The continuing education required by the new habilitation regulations should be provided from the following qualification areas:

  • Career development through research funding, third-party funding acquisition
  • Leadership, leadership style, leadership personality, leadership responsibility
  • Team leadership, team composition, team moderation, team motivation
  • Science management
  • Human resources management
  • Supervision of theses
  • Project and time management
  • Communication
  • Conflict management
  • Presentation and public relations

In cooperation with the Heine Research Academies/JUNO, the medRSD offers a variety of workshops and continuing education events that support young scientists professionalizing the management of their daily research routine and preparing for (future) leadership tasks in science.
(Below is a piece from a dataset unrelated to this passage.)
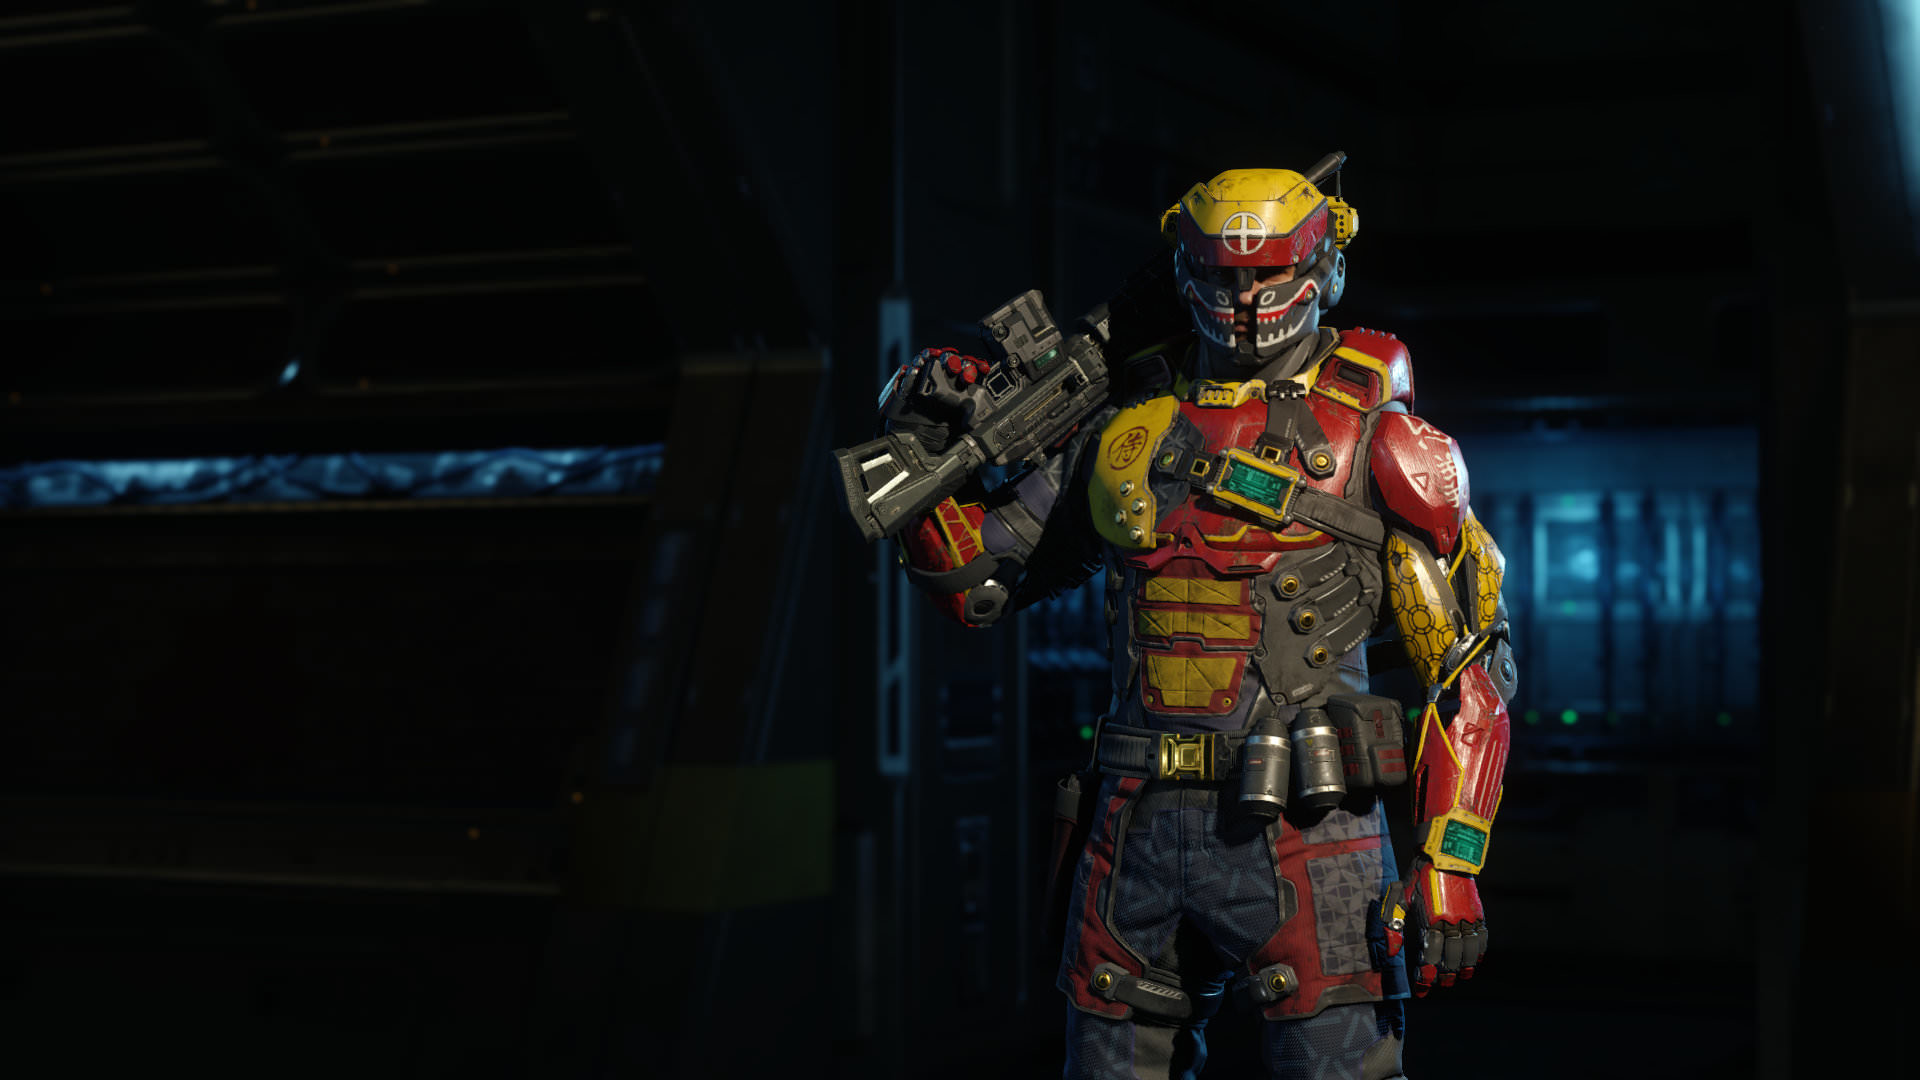 New Weapons, Camos, Gear Sets, and more available now in Black Ops 3s Black Market Charlie INTEL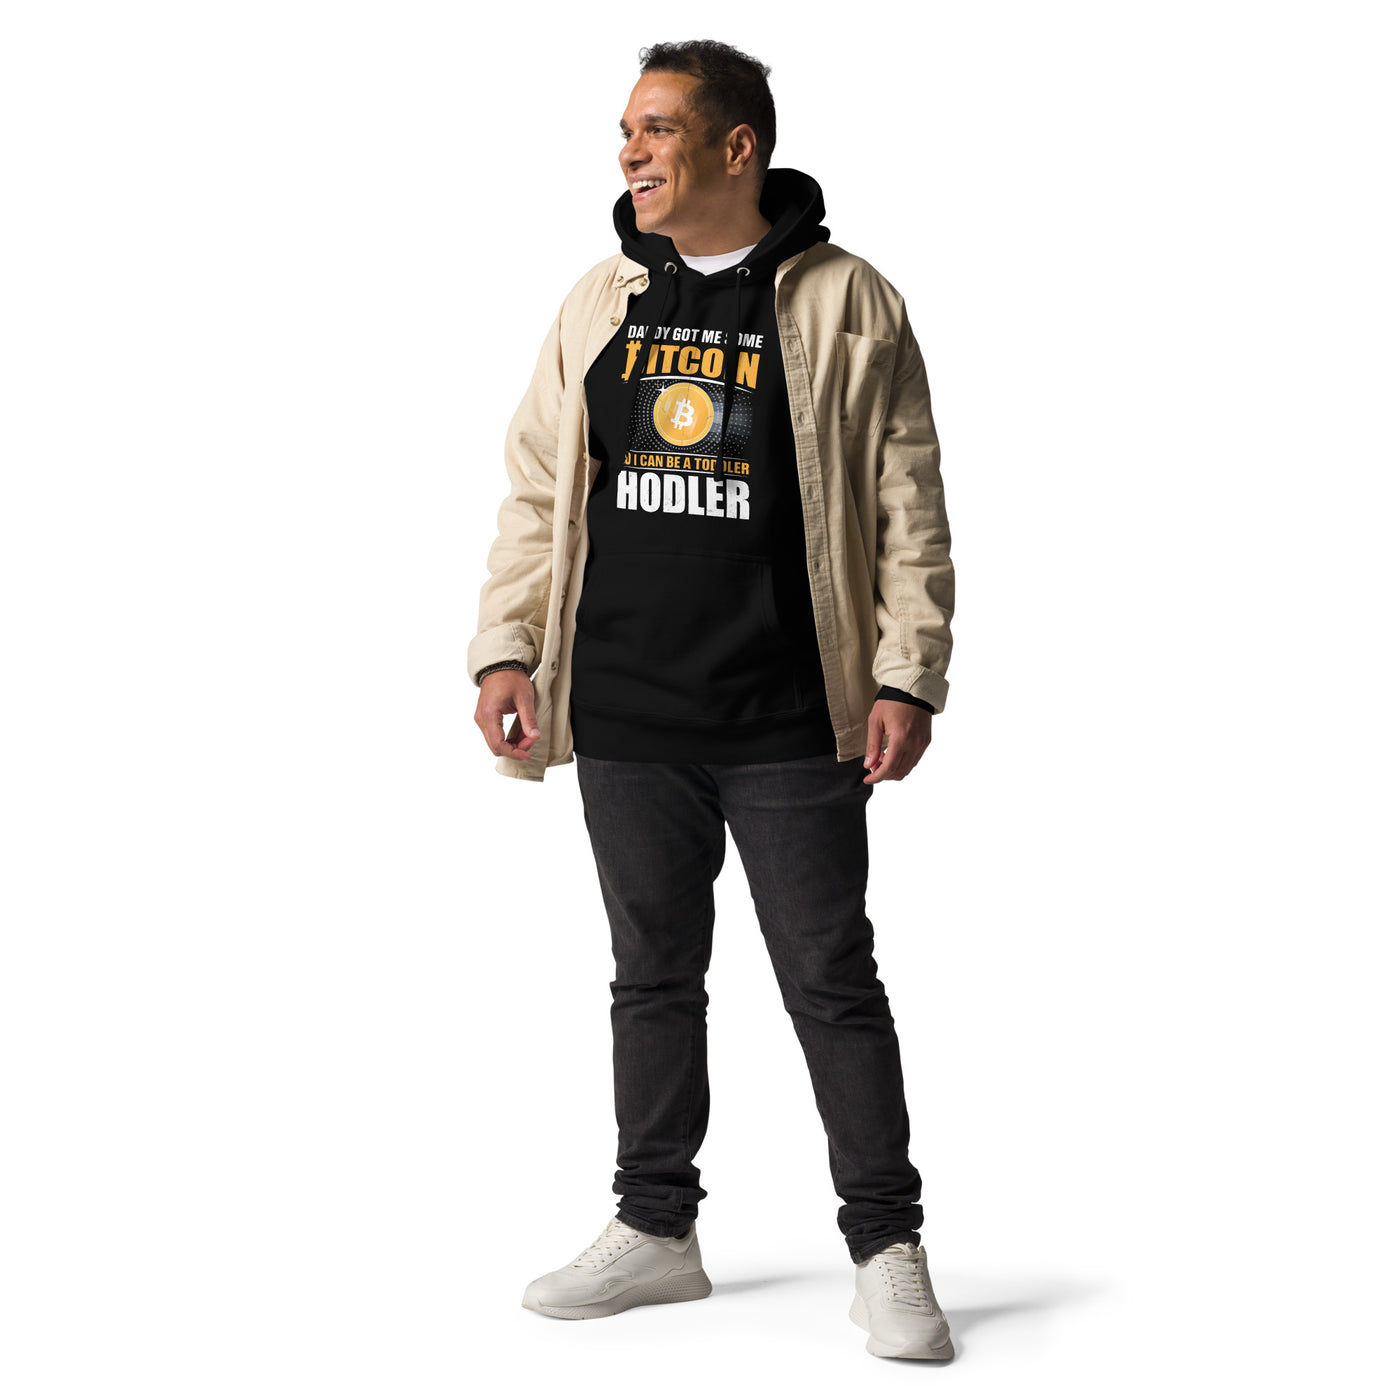 Daddy got me some Bitcoin, so I can be toddler holder - Unisex Hoodie

In addition, young scientists at HHU can network with other post-doctoral fellows and address questions and problems of everyday scientific life on an equal footing.

Participants in the SelmaMeyerMentoring Program for advanced postdoctoral and habilitation students at HHU (lines SelmaMeyerMED+, PROF, PROF-MED) are credited with the workshops attended in the program towards the required core competencies for young scientists. In addition to successful participation in the mentoring program, they only have to provide evidence of further training in good scientific practice.

Courses from other providers will be credited if they
a) can be assigned to the qualification areas described above and
b) these courses are designed for young scientists* with a doctorate.

The Junior Scientist and International Researcher Center (JUNO) organizes on behalf of the Graduate Center Medicine the events on good scientific practice for post-doctoral fellows and candidates for an adjunct professorship. Only the GSP (Good scientific practice) trainings of the JUNO or in type and scope equivalent events of other sites will be considered for the application. The trainings of iGRAD or the trainings for medical doctoral candidates of medRSD are not designed for the above mentioned target group and are therefore unsuitable.

Good Scientific Practice (Course language: English)

Young scientists are confronted with various tasks and responsibilities when guiding students, supervising PhD students, and performing their own research tasks in parallel. This seminar focuses on several points of interest to be addressed under these circumstances, e.g. concerning documentation, ethical considerations and intellectual property.